Member of the Philadelphia City Council from the at-large district
- In office January 3, 1972 – January 2, 1984
- Preceded by: Thacher Longstreth
- Succeeded by: Thacher Longstreth

Personal details
- Born: Beatrice Kravitsky May 30, 1908
- Died: December 13, 1994 (aged 86) Wynnewood, Pennsylvania, U.S.
- Party: Republican
- Spouse: Morris Chernock
- Education: Temple University (BS, M.Ed.)
- Occupation: Educator, Politician

= Beatrice Chernock =

American educator and politician

Beatrice Kravistsky Chernock (May 30, 1908 – December 13, 1994) was an American educator and politician. She was a member of the Republican Party and served on the Philadelphia City Council from 1972 to 1984.

==Career==
===Education and media===
Chernock graduated from the Philadelphia Normal School and later earned a bachelor's and a master's degree in education from Temple University. She became a teacher in the School District of Philadelphia and was later the principal at Charles W. Henry School in the city's Mount Airy neighborhood. Chernock also had an educational radio program called "Classroom of the Air" and a television series "Our America" on WHYY-TV, the local public television station.

===Politics===
In 1966, she made her first run for office, taking on incumbent Rep. William A. Barrett for the 1st congressional district. Running in a heavily Democratic district, Chernock was defeated in the race by more than 40,000 votes. In 1967, she ran for the 4th Councilmanic District seat held by Councilman George X. Schwartz. Schwartz prevailed by less than 5,000 votes.
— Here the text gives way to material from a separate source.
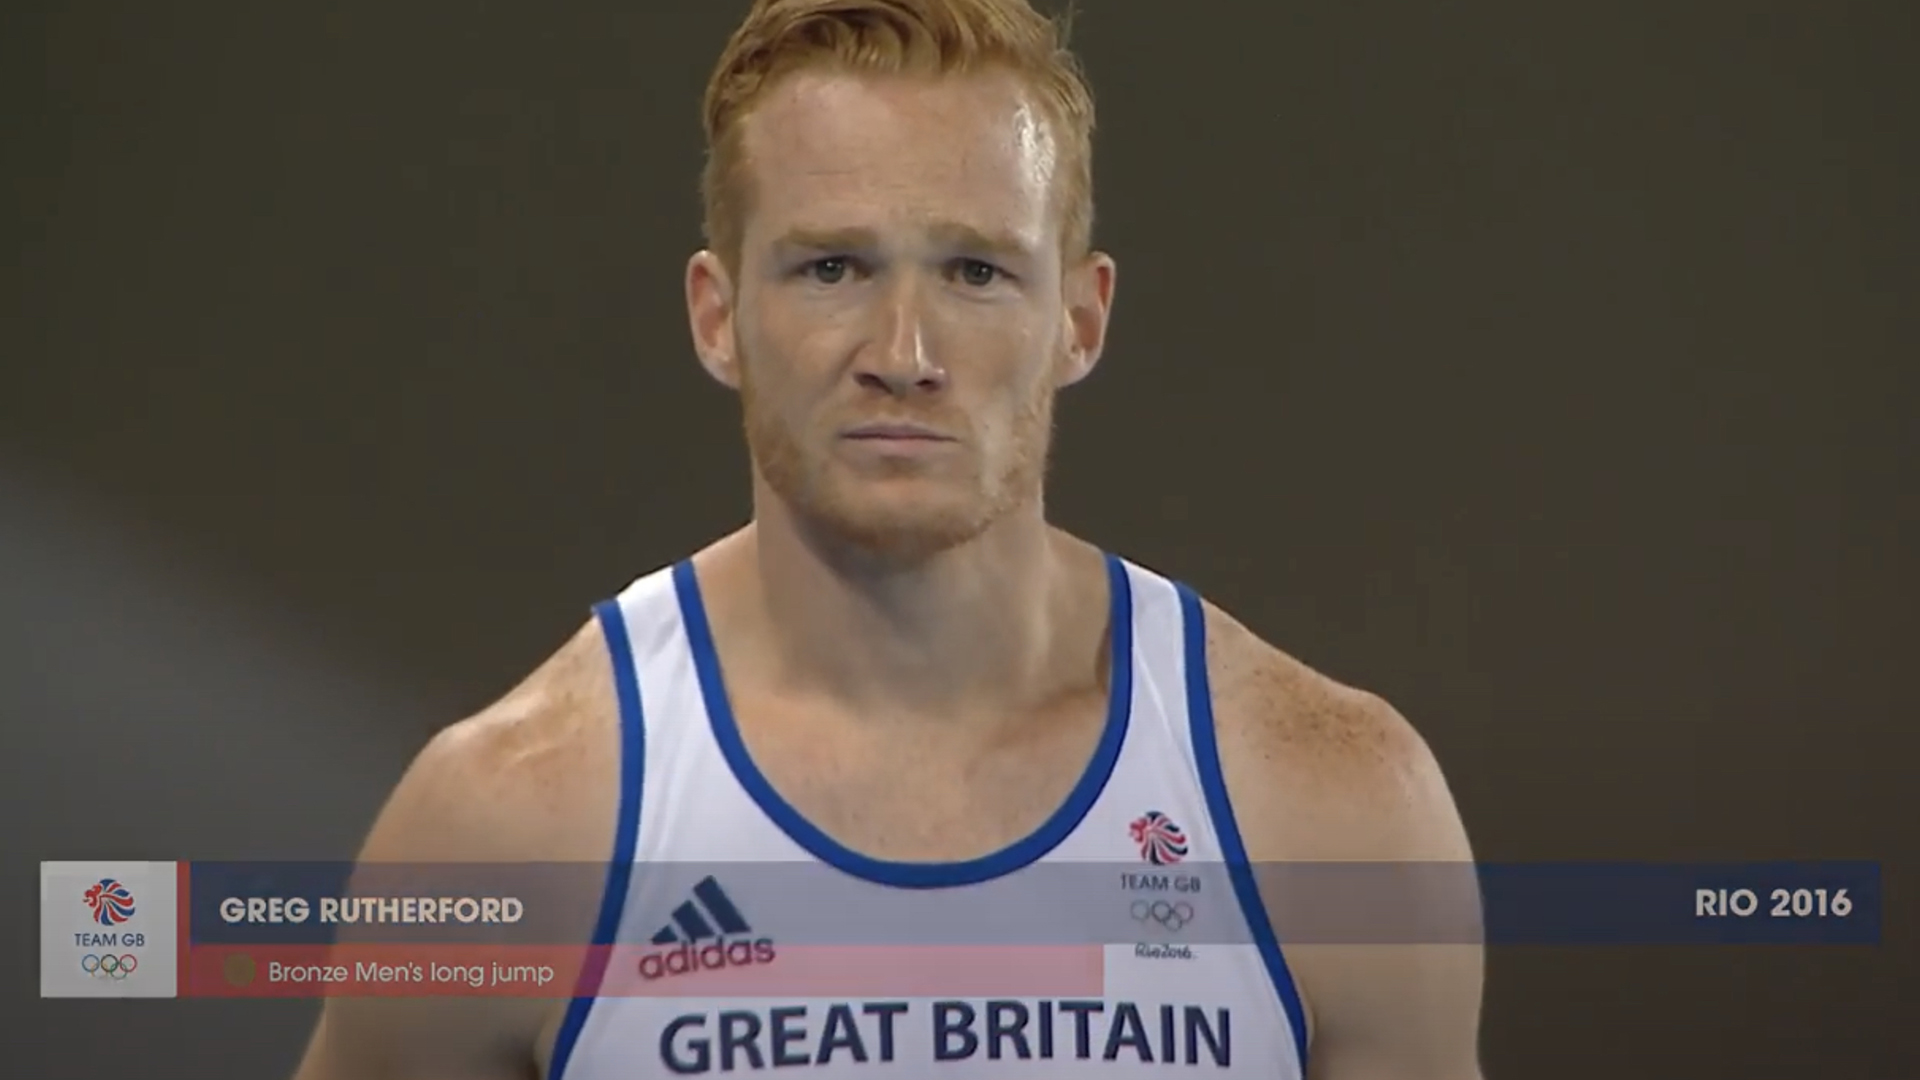 Greg Rutherford at the Rio Olympics
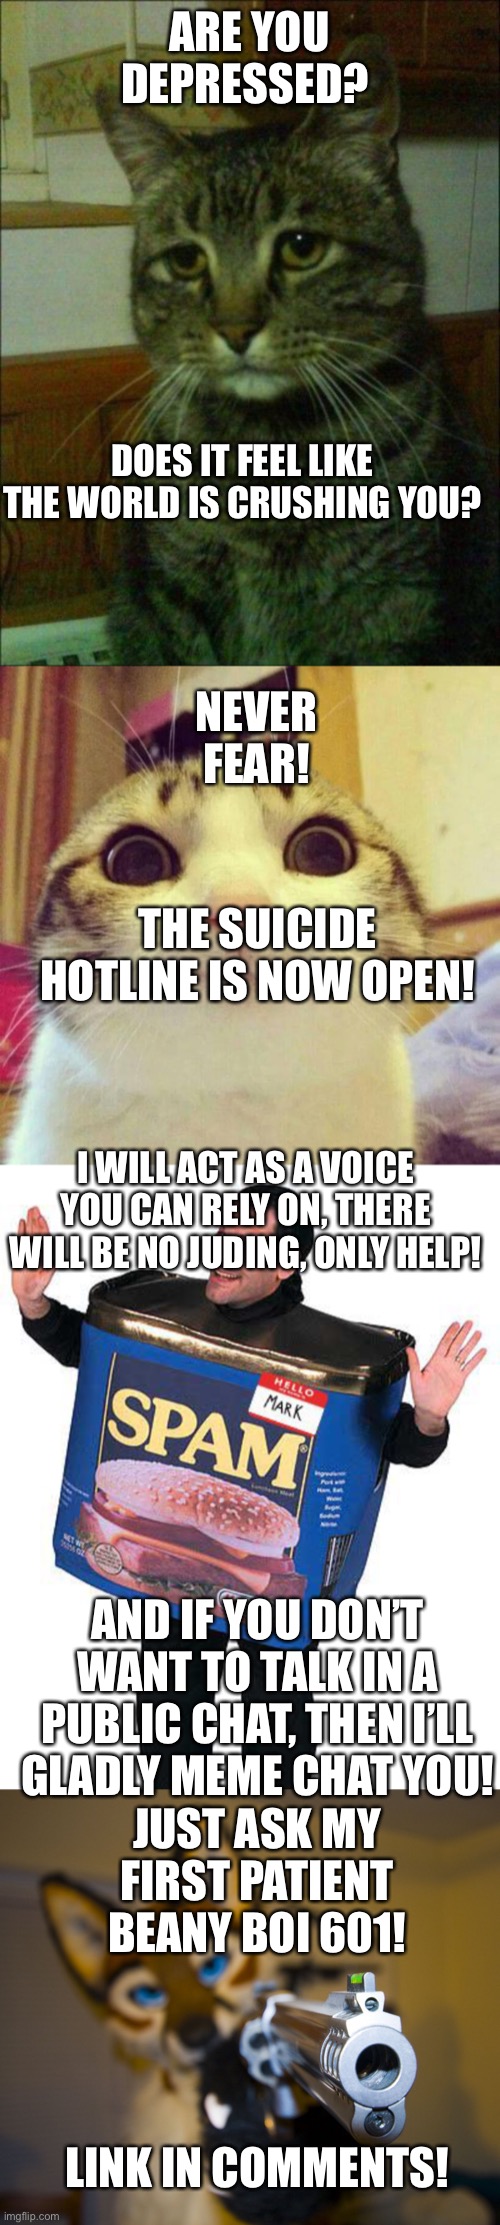 Trust me | ARE YOU DEPRESSED? DOES IT FEEL LIKE THE WORLD IS CRUSHING YOU? NEVER FEAR! THE SUICIDE HOTLINE IS NOW OPEN! I WILL ACT AS A VOICE YOU CAN RELY ON, THERE WILL BE NO JUDING, ONLY HELP! AND IF YOU DON’T WANT TO TALK IN A PUBLIC CHAT, THEN I’LL GLADLY MEME CHAT YOU! JUST ASK MY FIRST PATIENT BEANY BOI 601! LINK IN COMMENTS! | image tagged in memes,depressed cat,smiling cat,spam,furry with gun | made w/ Imgflip meme maker

Chernock won her first election to council in 1971 running from the at-large district for council, finishing second in the race for one of the two minority-party seats. Chernock won re-election two more times, in 1975 and 1979.

In the 1983 race, the city Republican leaders tried to persuade her to step down; however, she sought re-election. Joan Specter, the wife of Senator Arlen Specter and former councilman Thacher Longstreth, finished first and second in the race and sending Chernock to defeat.

Over the years, she served in various other capacities, as a member of the Urban League, the Civic Ballet and the Citizens Crime Commission of Philadelphia.

==Personal life==
Her husband, Morris Chernock, was a local attorney who was active in politics, running for the Pennsylvania House of Representatives and also serving as a deputy attorney general in Pennsylvania.

Chernock died on December 13, 1994, at the age of 85 in Wynnewood, Pennsylvania.